How do you find the amplitude, period, and phase shift of the function #y=2cos(1/3x)#?

1 Answer
Sep 17, 2015

#A = 2#
#P = 2pi or 360º#
#T = 6pi u.t or 1080 u.t#
#phi = 0#

Explanation:

The amplitude is the constant multiplying the cosine, so in this case, it's 2.

#A = 2#

You can think of the constant multiplying the x as the function angular speed, that is, the function's period multiplied by its frequency.

We know that the cosine has a normal period of #2pi# radians or #360# degrees, that is, every #2pi# radians or #360# degrees the cosine goes back where it started.
So the period (assuming that you mean the amount of time it takes to go through circle) will depend on whether that cosine is taking the value in degrees or radians.
So we have that:
#|1/3| = 2pi/T -> T/3 = 2pi -> T = 6pi#u.t

Or
#|1/3| = 360/T -> T/3 = 360 -> T = 1080#u.t

It's more common to use radians with trig functions, so we'll assume the latter. (Also, u.t means unit of time, since we don't know what unit the function uses)

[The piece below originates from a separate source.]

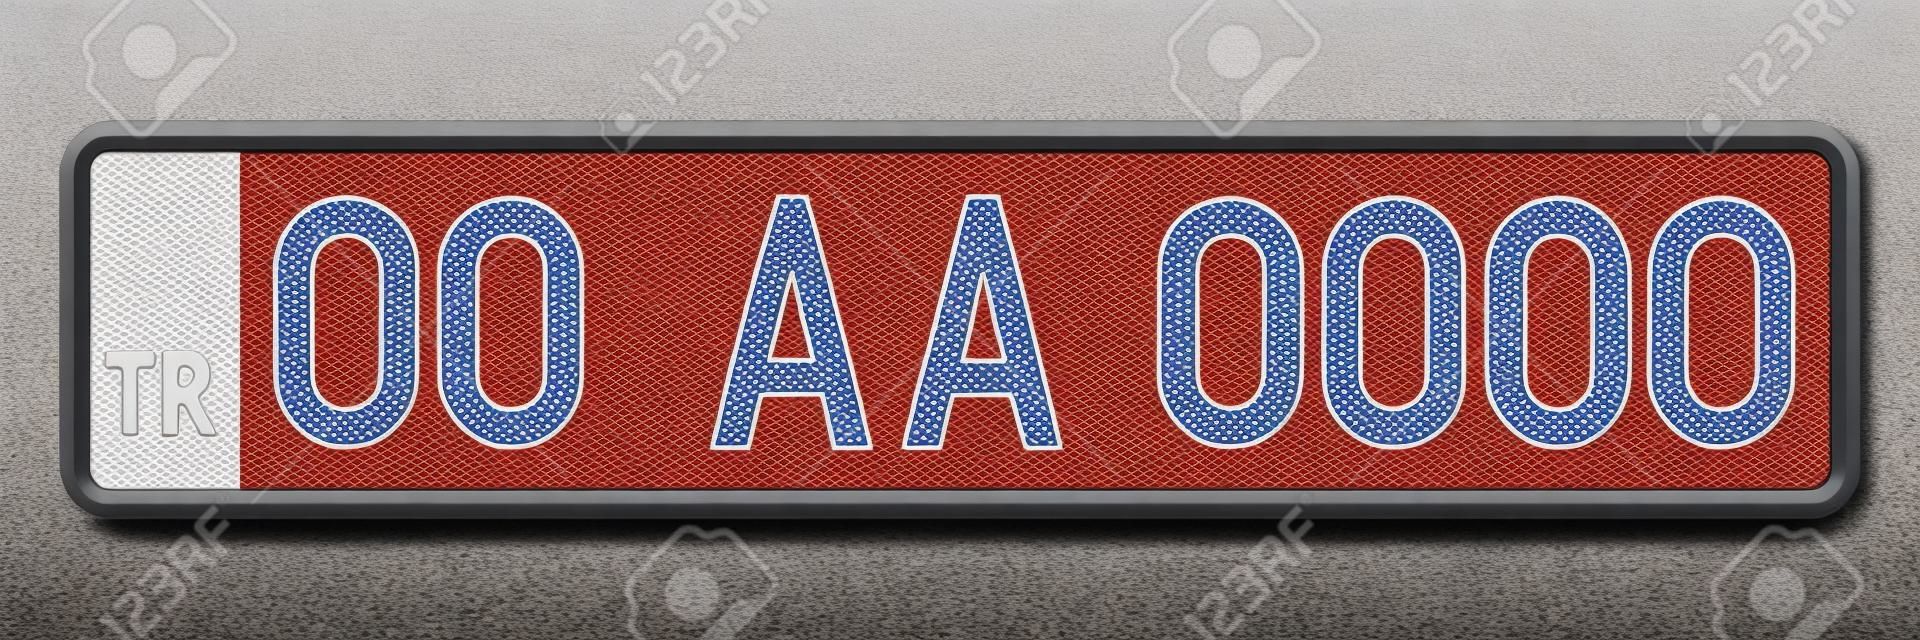 Number plate. Vehicle registration plates of Turkey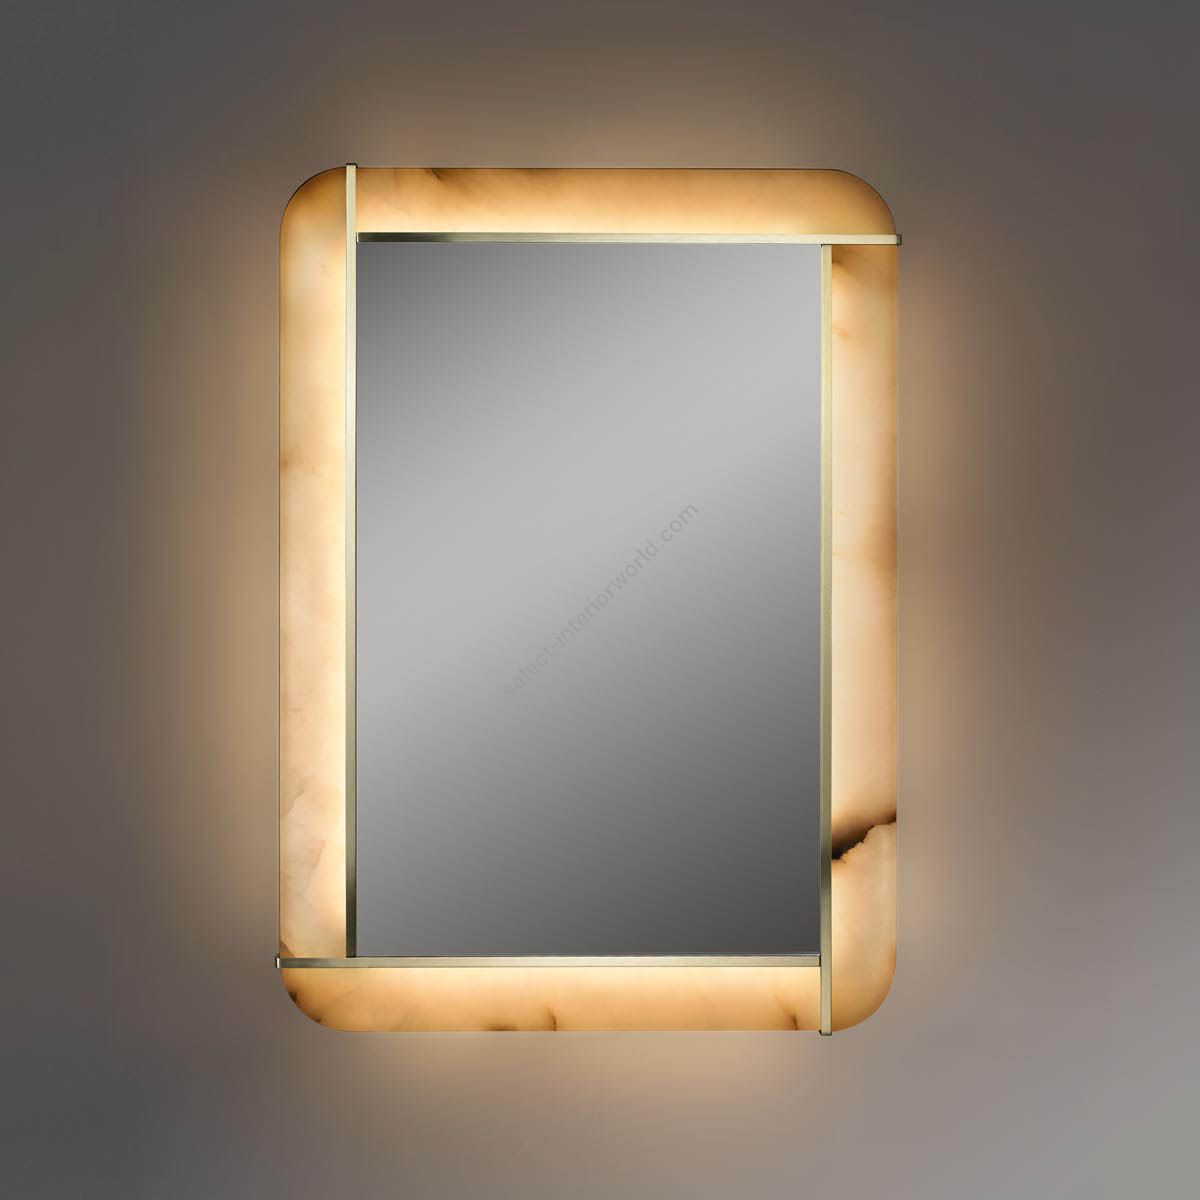 Volterra Illuminated LED Mirror by Boyd Lighting

And, last but not least, the phase shift is the value we're adding to the variable divided by the angular speed. (Think of it as the starting angle, instead of beginning with 1, we're beginning with this angle! But whenever the angular speed is different from 1, that is, whenever we're moving faster than the normal trig function, the phase shift gets smaller whereas whenever we're moving slower than the normal trig function the phase shift gets bigger)

#phi = 0/(1/3) = 0*3/1 = 0#

The unit of this depends on the unit of the angular speed too, so if we're working with radians always stick with radians, and if we're working with degrees, always work with degress. But, given this is 0 it doesn't really matter here.